**DATASET CONTENT:**
•••••

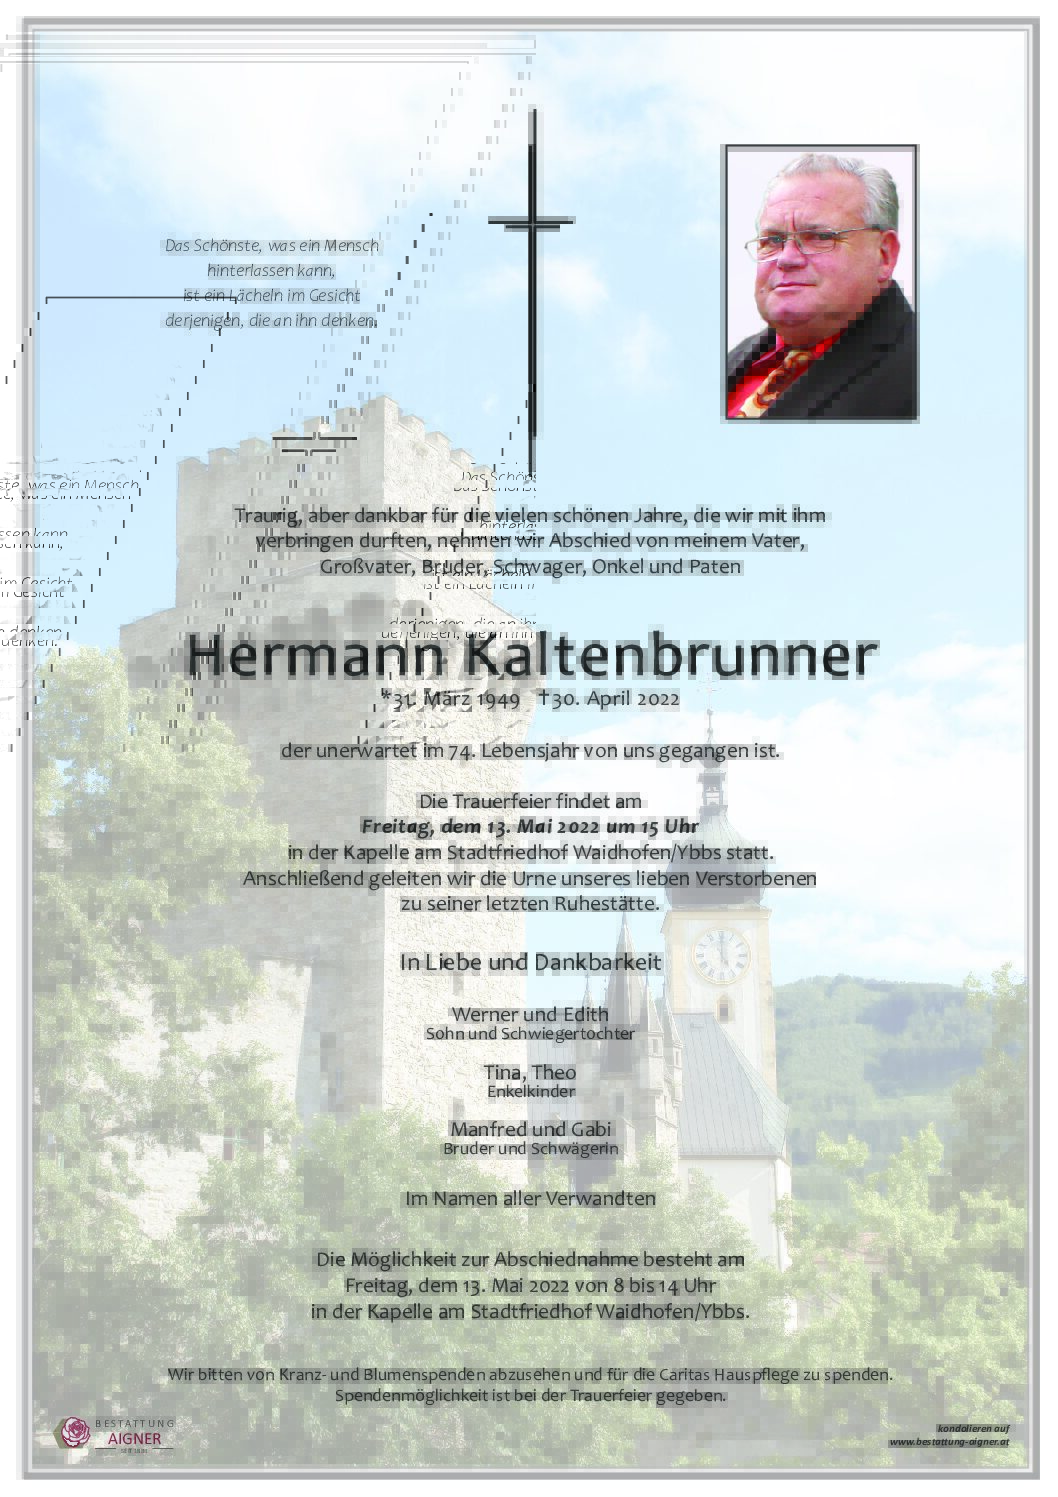 Hermann Kaltenbrunner
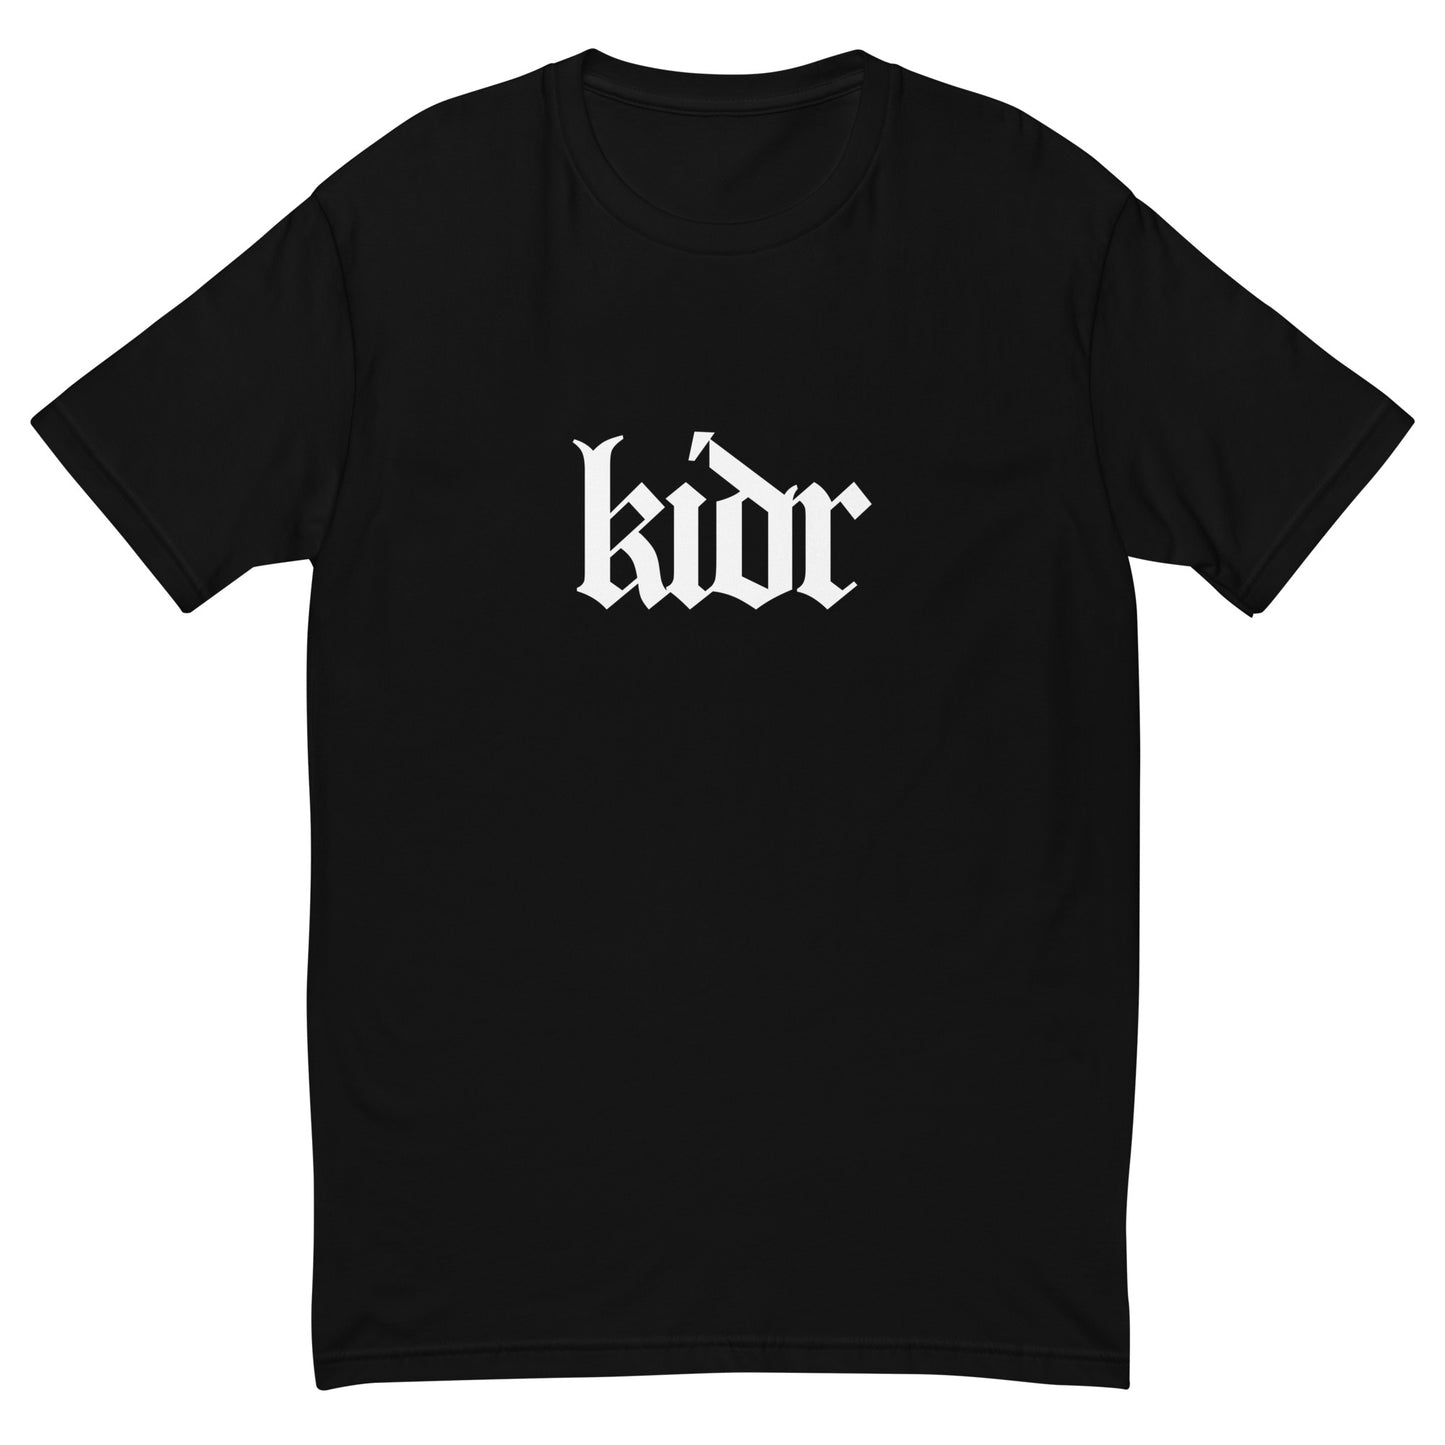 KIDR Short Sleeve T-shirt (Black)
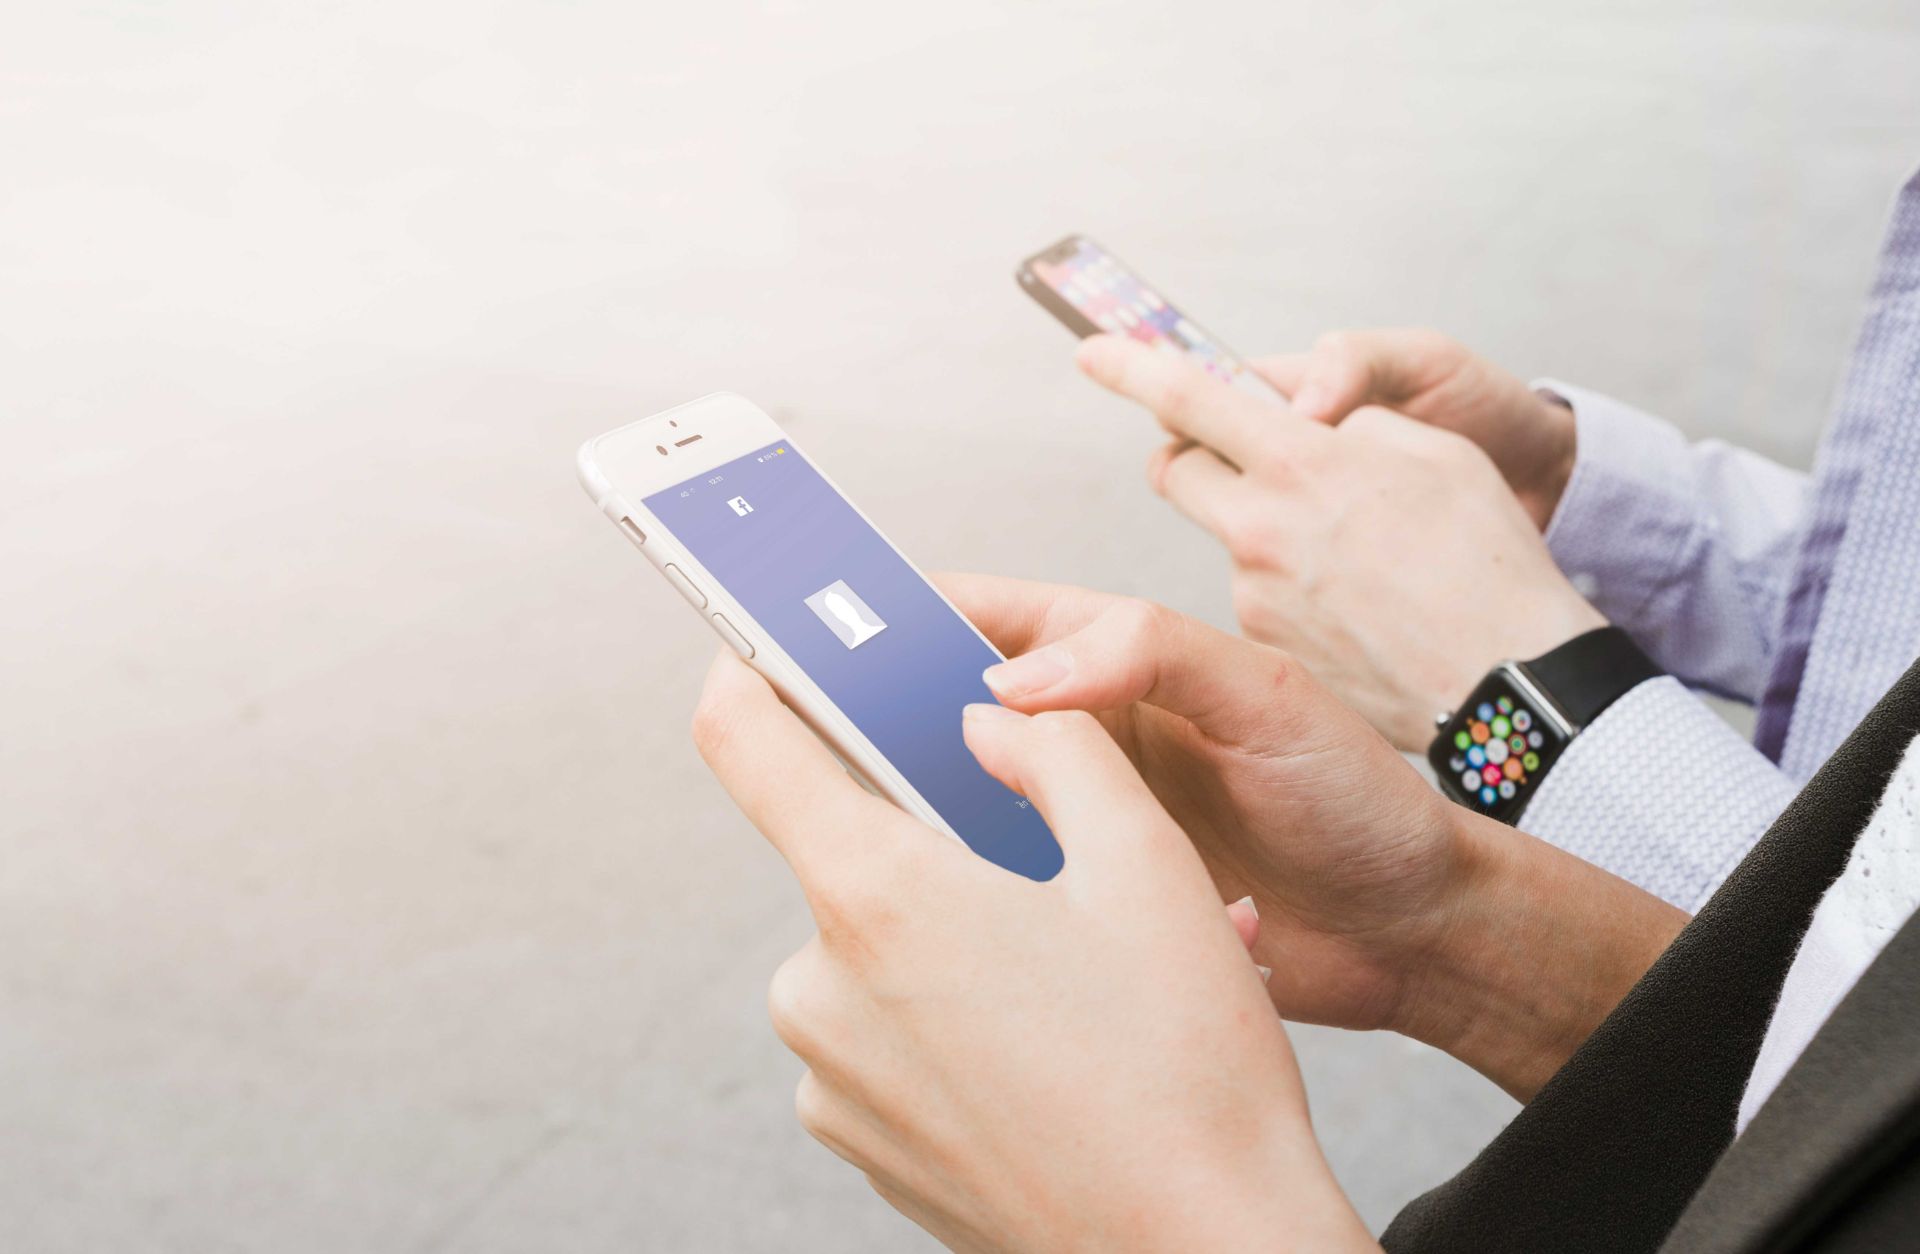 مرجع متخصصين ايران چت كردن اپليكيشن فيسبوك ساعت هوشمند

•••••

**ASSIGNMENT:**
Reproduce the material in full, word for word, and omit the pictures.

**SOLUTION FOR THIS TASK:**
 Hermann Kaltenbrunner
 KIDR Short Sleeve T-shirt (Black)
 مرجع متخصصين ايران چت كردن اپليكيشن فيسبوك ساعت هوشمند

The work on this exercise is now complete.